Copy exactly, and only, the lines from the one with "Pair of antique figured walnut" to the end of the listing; omit pictures.
[DATASET EXCERPT — start]
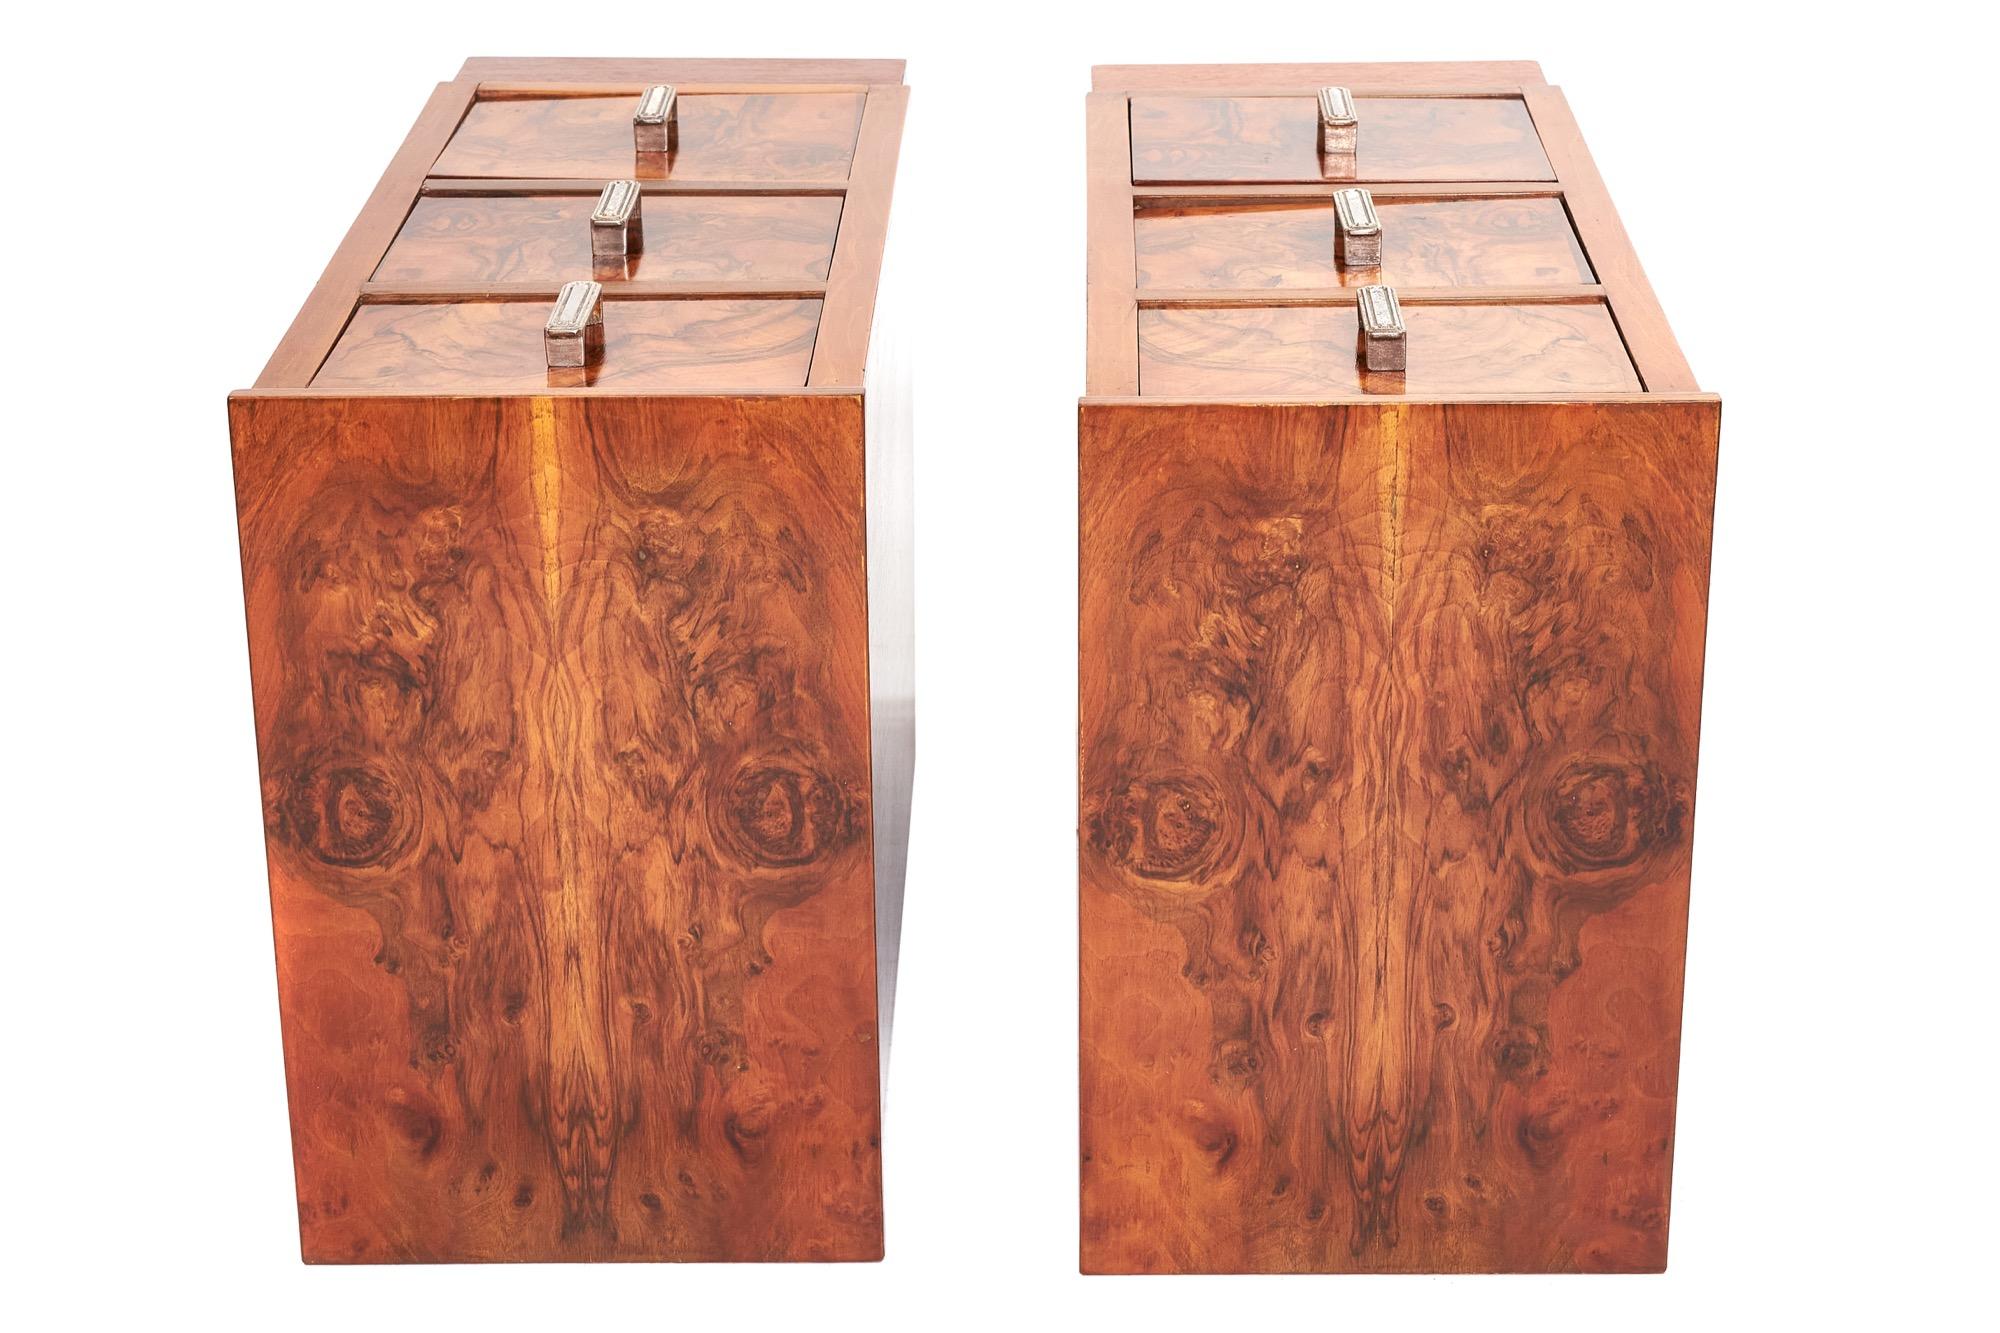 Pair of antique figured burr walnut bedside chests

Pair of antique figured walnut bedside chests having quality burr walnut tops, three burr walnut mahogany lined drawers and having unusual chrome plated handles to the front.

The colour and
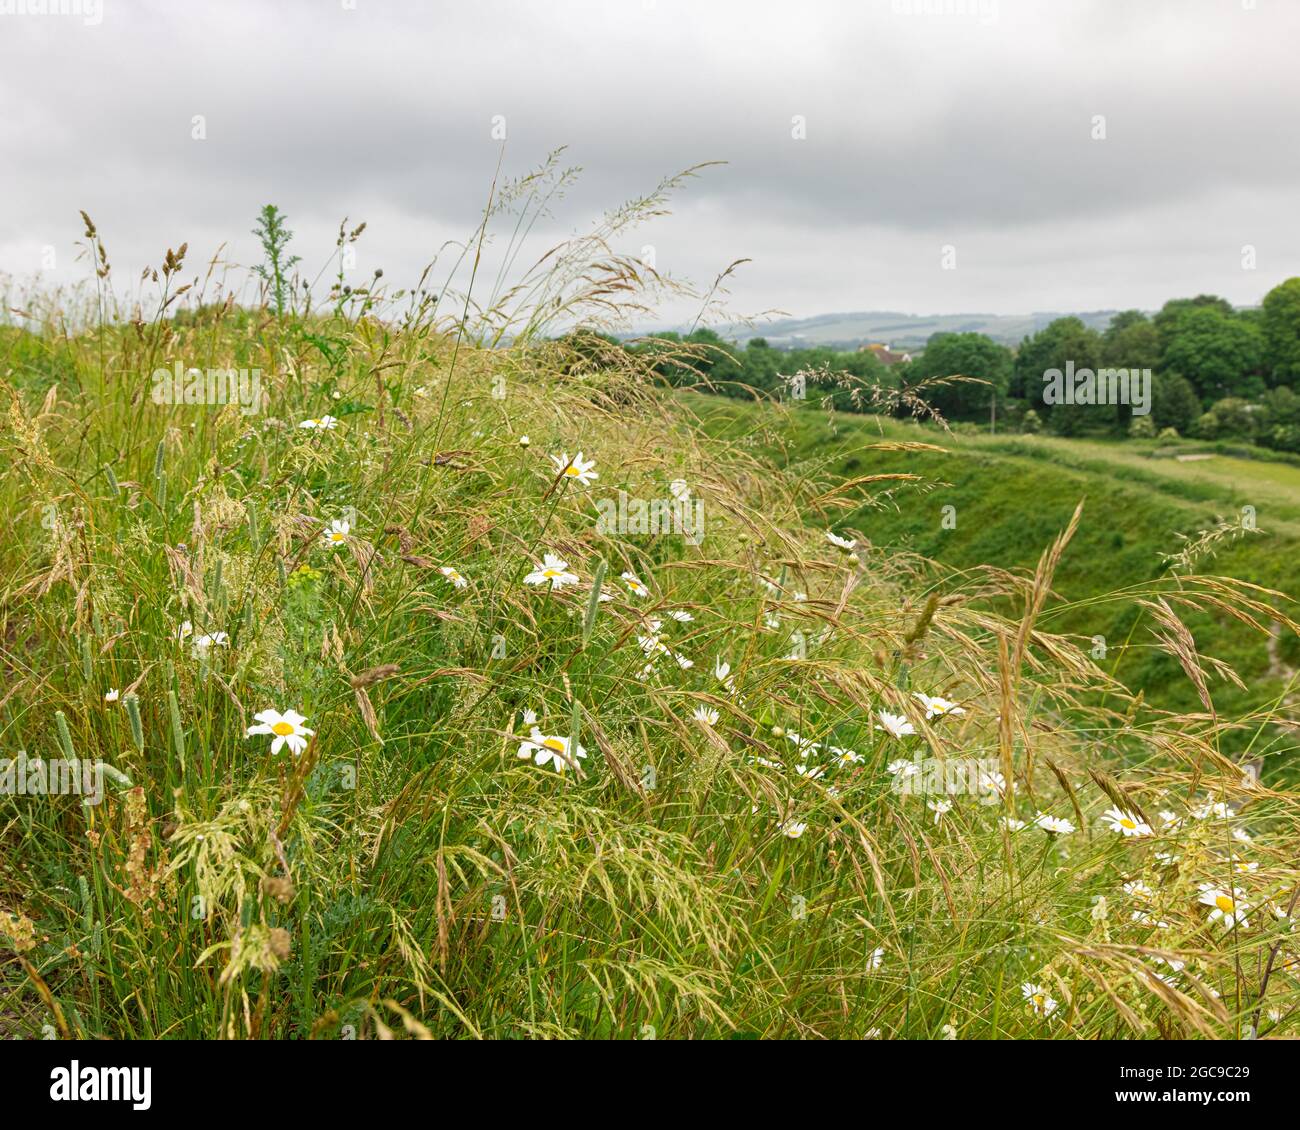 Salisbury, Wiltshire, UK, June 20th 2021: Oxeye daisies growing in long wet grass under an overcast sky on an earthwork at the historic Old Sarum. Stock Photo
[DATASET EXCERPT — finish]
→ TASK RESULT
Pair of antique figured walnut bedside chests having quality burr walnut tops, three burr walnut mahogany lined drawers and having unusual chrome plated handles to the front.

The colour and
 Salisbury, Wiltshire, UK, June 20th 2021: Oxeye daisies growing in long wet grass under an overcast sky on an earthwork at the historic Old Sarum. Stock Photo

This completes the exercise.